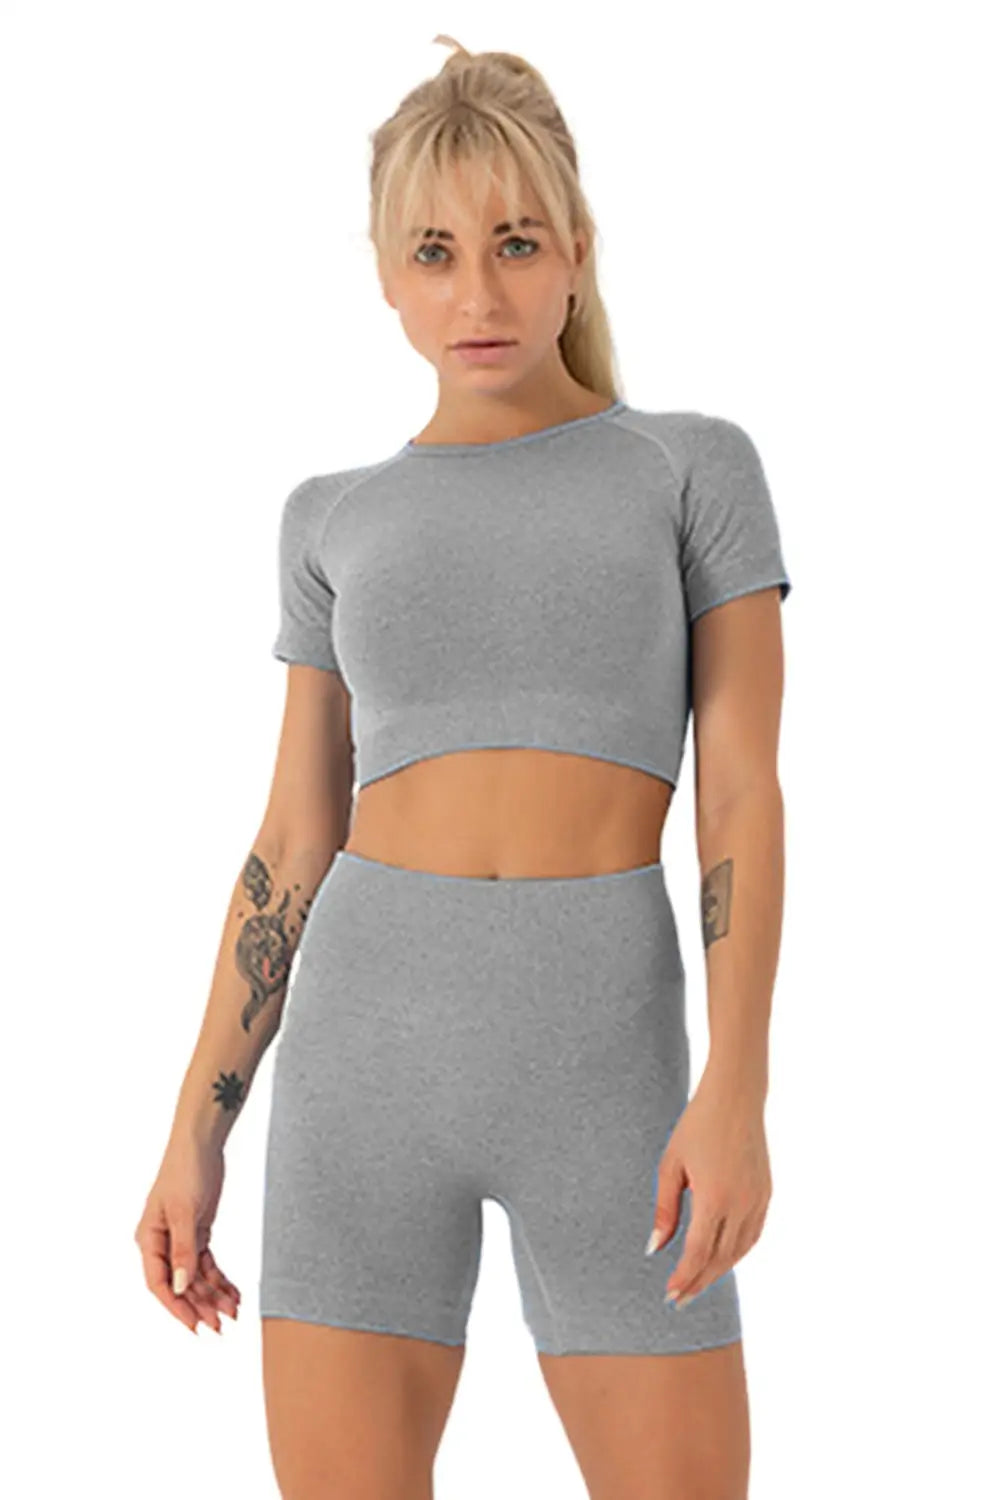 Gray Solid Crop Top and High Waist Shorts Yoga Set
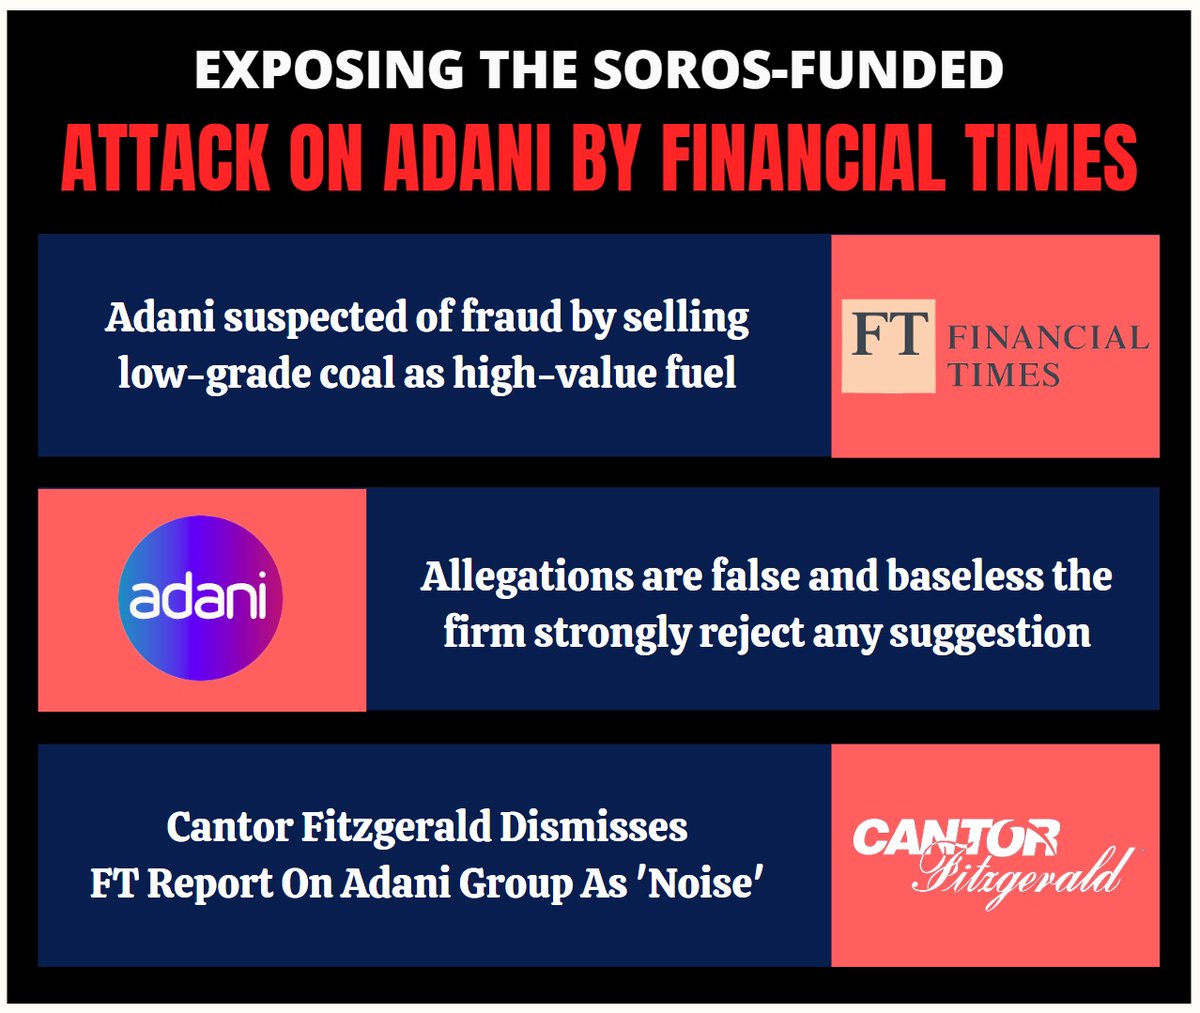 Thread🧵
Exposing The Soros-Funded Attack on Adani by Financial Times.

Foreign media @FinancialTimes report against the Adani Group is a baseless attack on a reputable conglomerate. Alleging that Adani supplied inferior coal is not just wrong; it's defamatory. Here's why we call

* **WHAT TO DO**:
Copy out the lines of the data where the word "Adani" can be found.

* **COMPLETED EXERCISE**:
Exposing The Soros-Funded Attack on Adani by Financial Times.
Foreign media @FinancialTimes report against the Adani Group is a baseless attack on a reputable conglomerate. Alleging that Adani supplied inferior coal is not just wrong; it's defamatory. Here's why we call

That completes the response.